## Action item:
From the line that contains "339396bfd Saia de Ballet Transpassar" to the last line of the data below, transcribe every line exactly. Do not include the pictures.

## Supplied information:
_ _ _
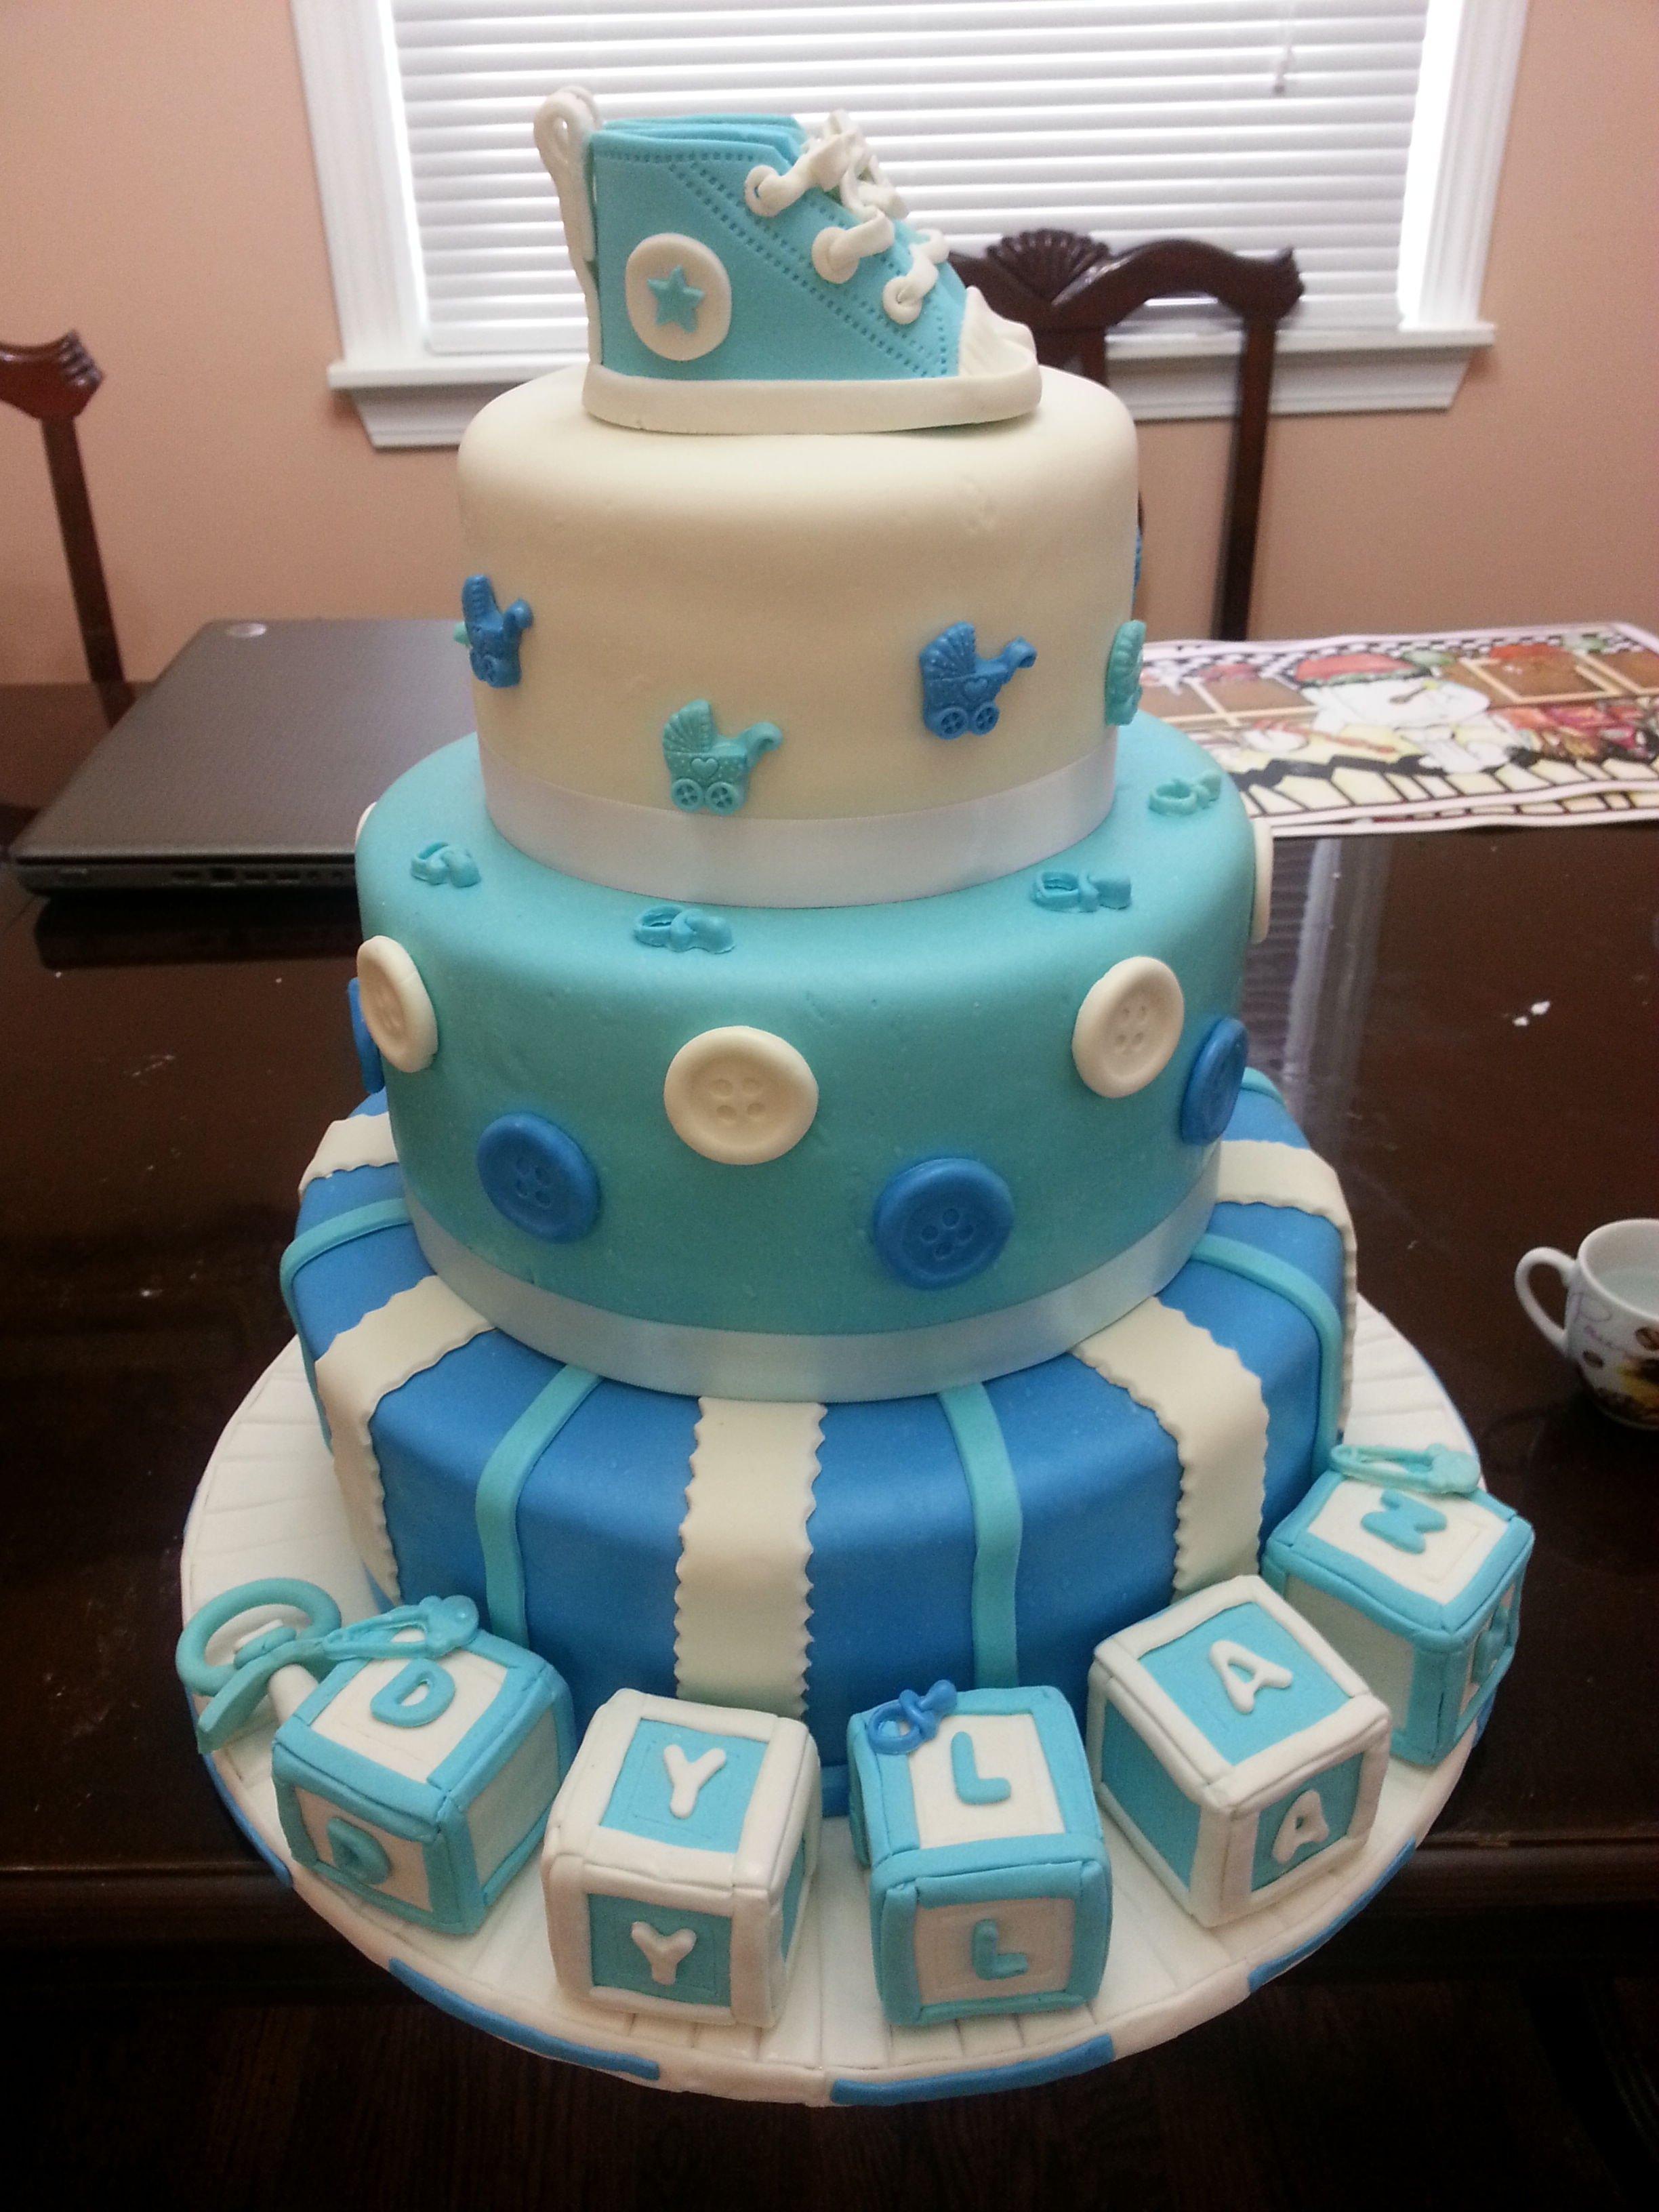 10 Stunning Baby Boy Baby Shower Cake Ideas baby shower baby shower cakes boys pinterest babies cake 2 2020
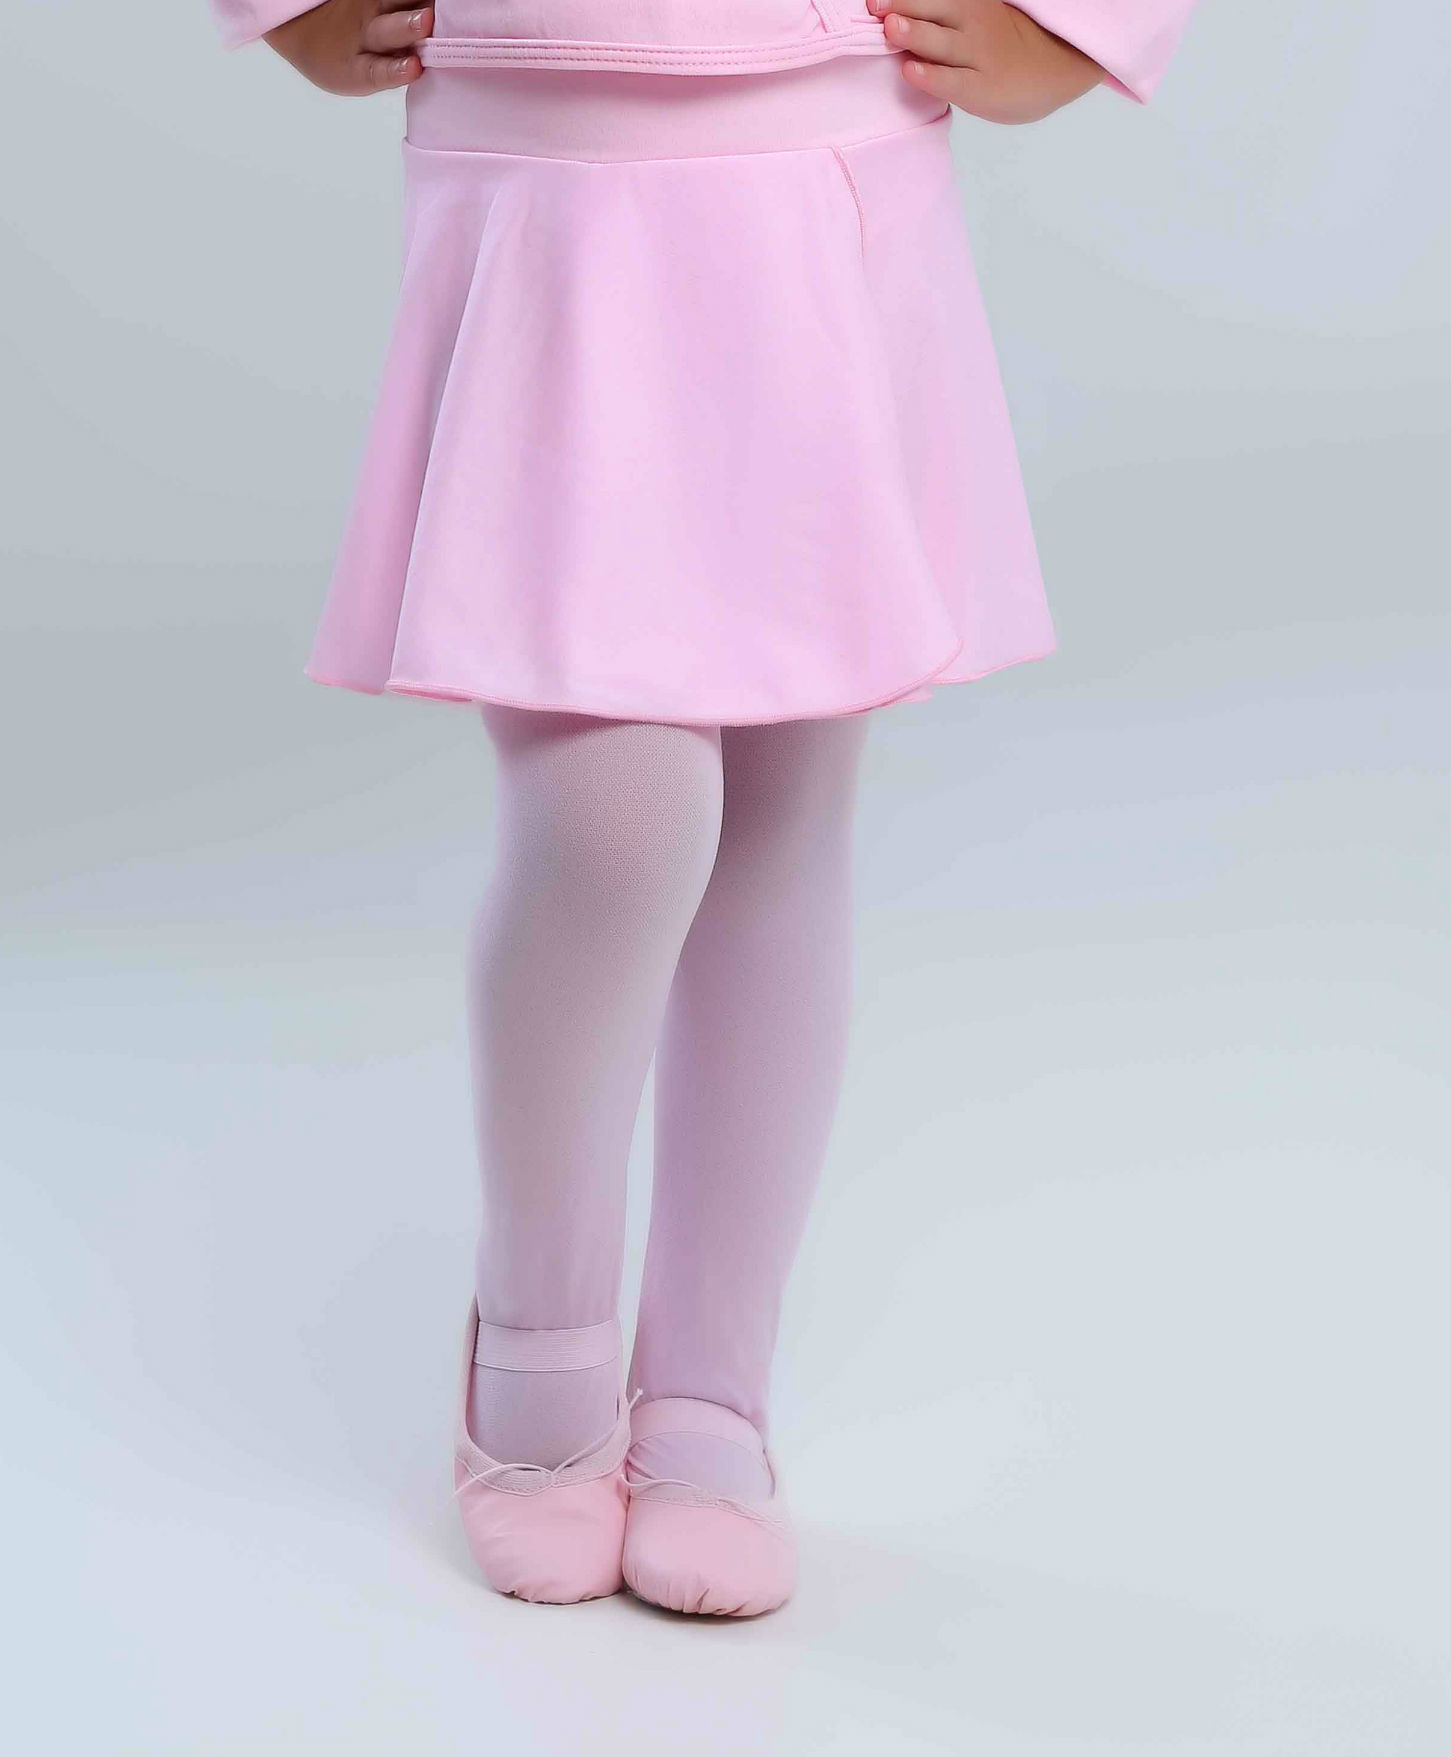 339396bfd Saia de Ballet Transpassar
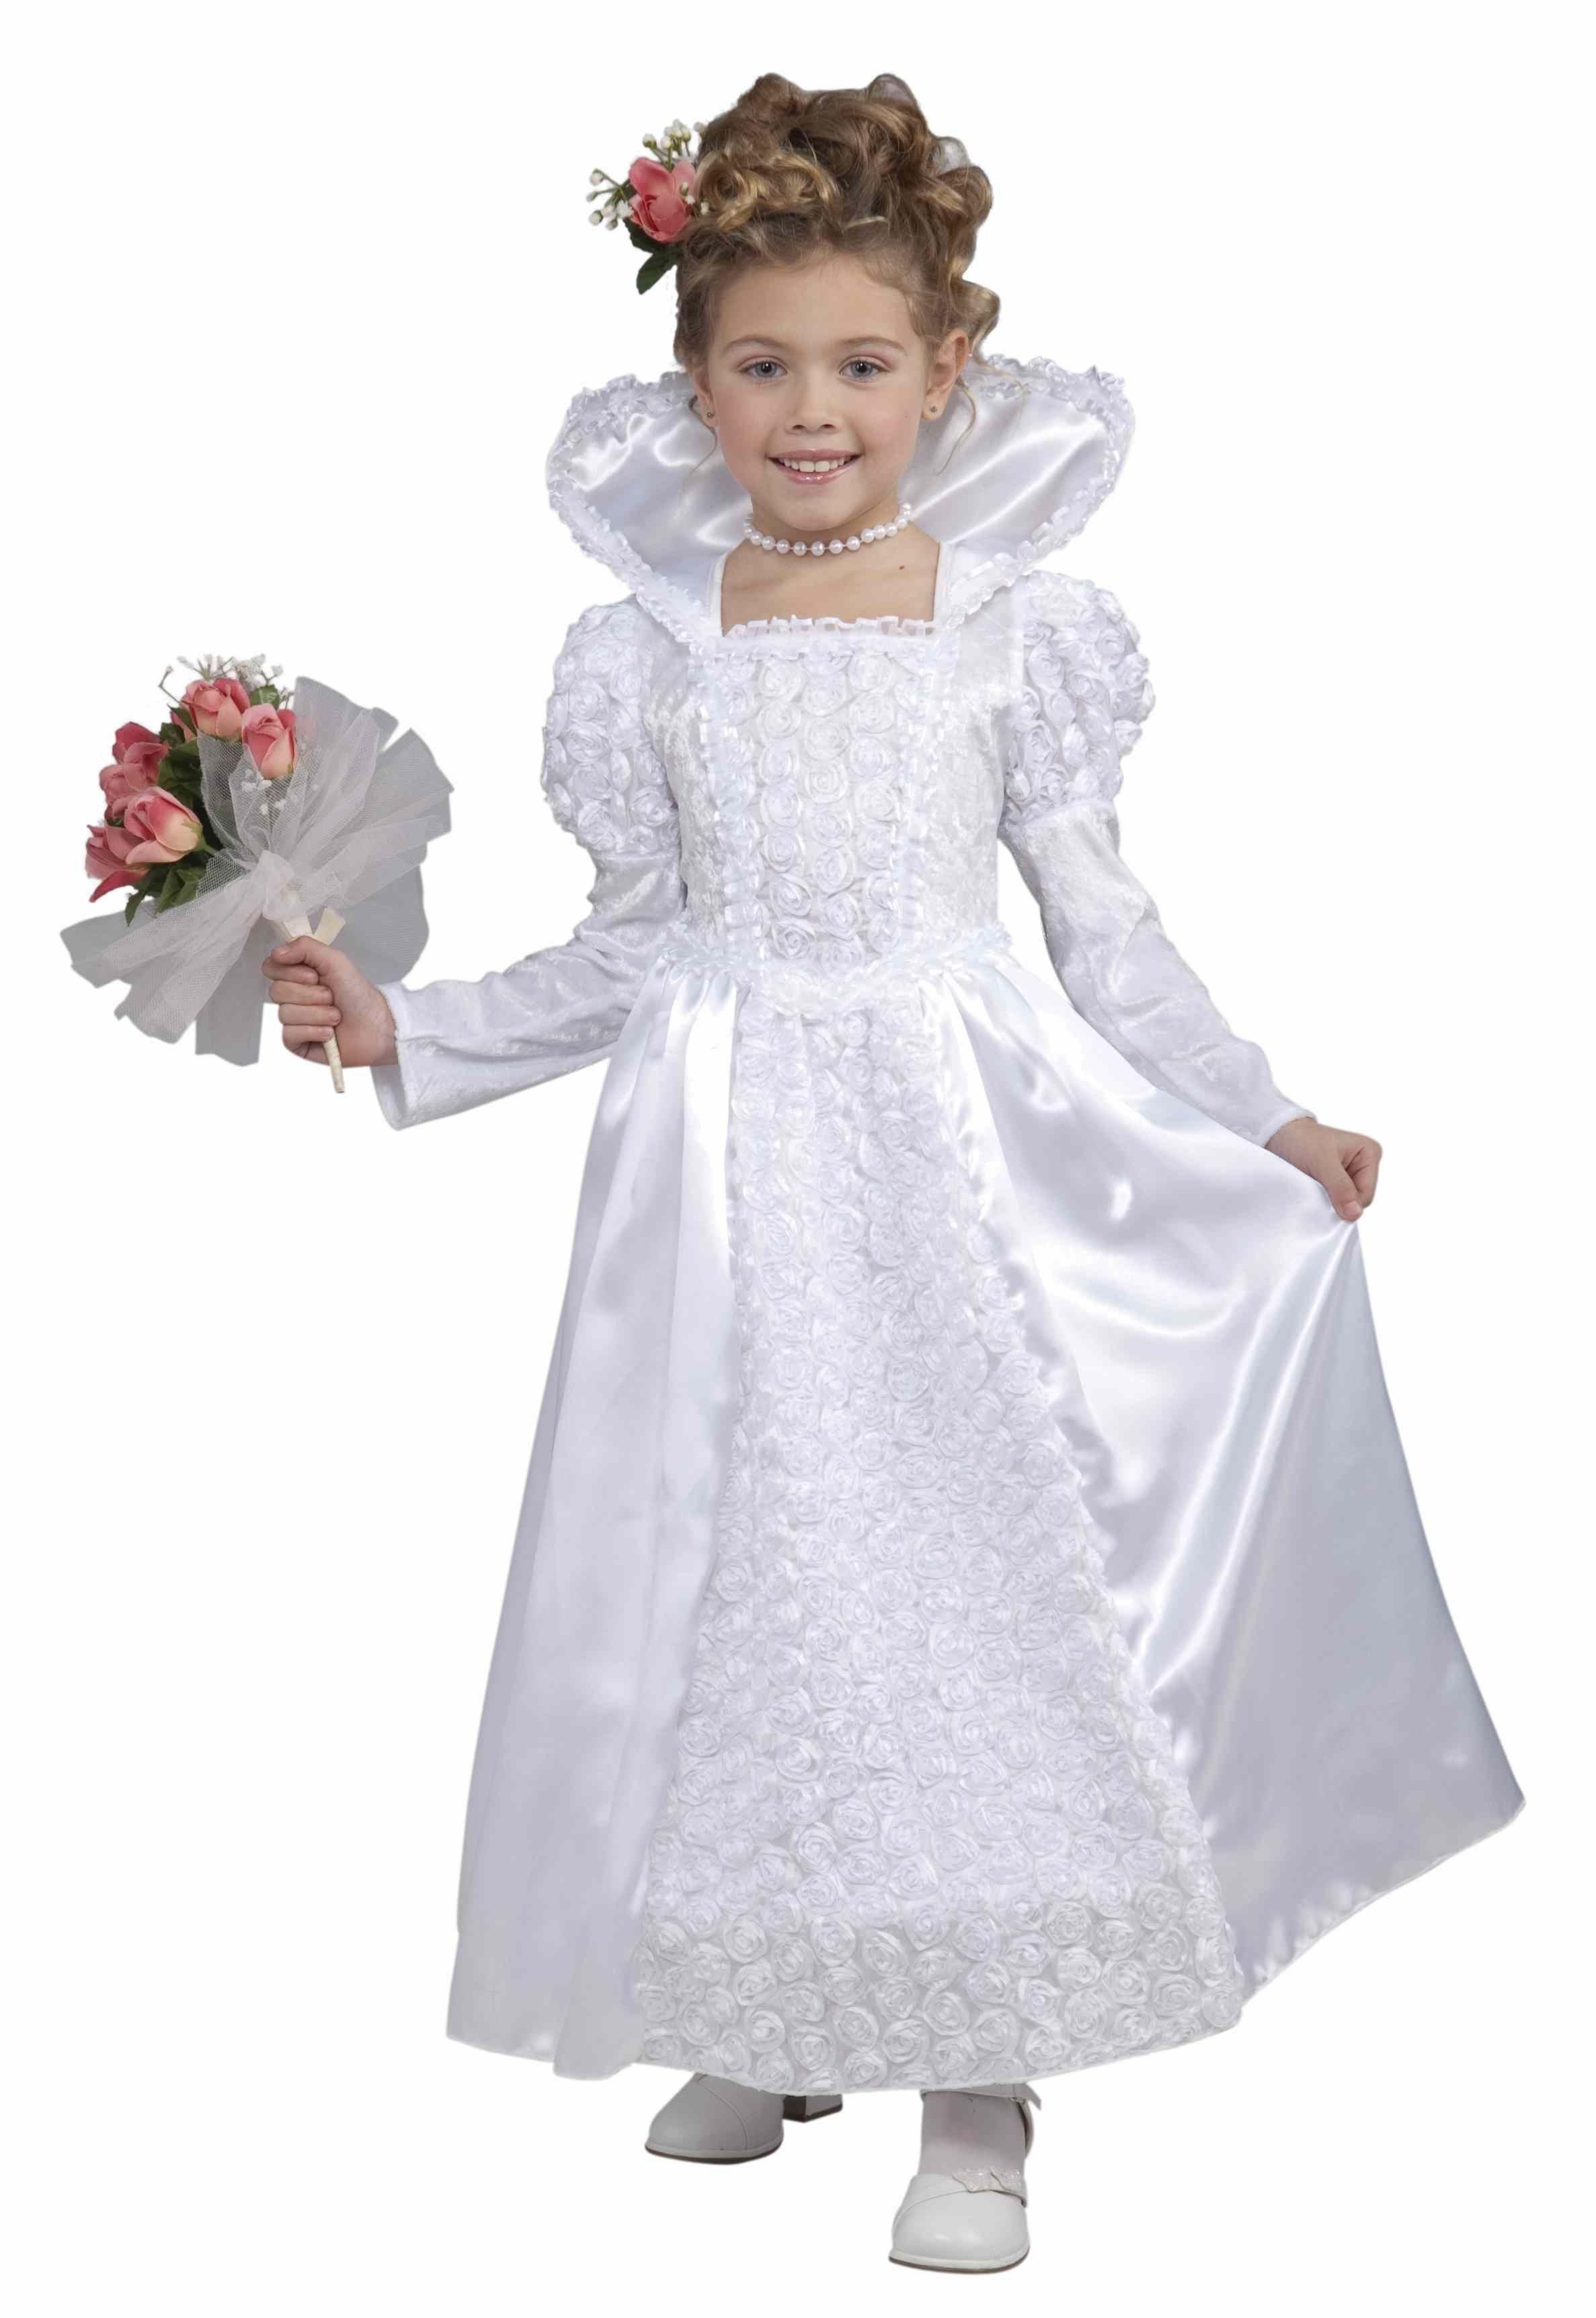 photo: On Princess Bride Girls
_ _ _
## Result:
 339396bfd Saia de Ballet Transpassar
 photo: On Princess Bride Girls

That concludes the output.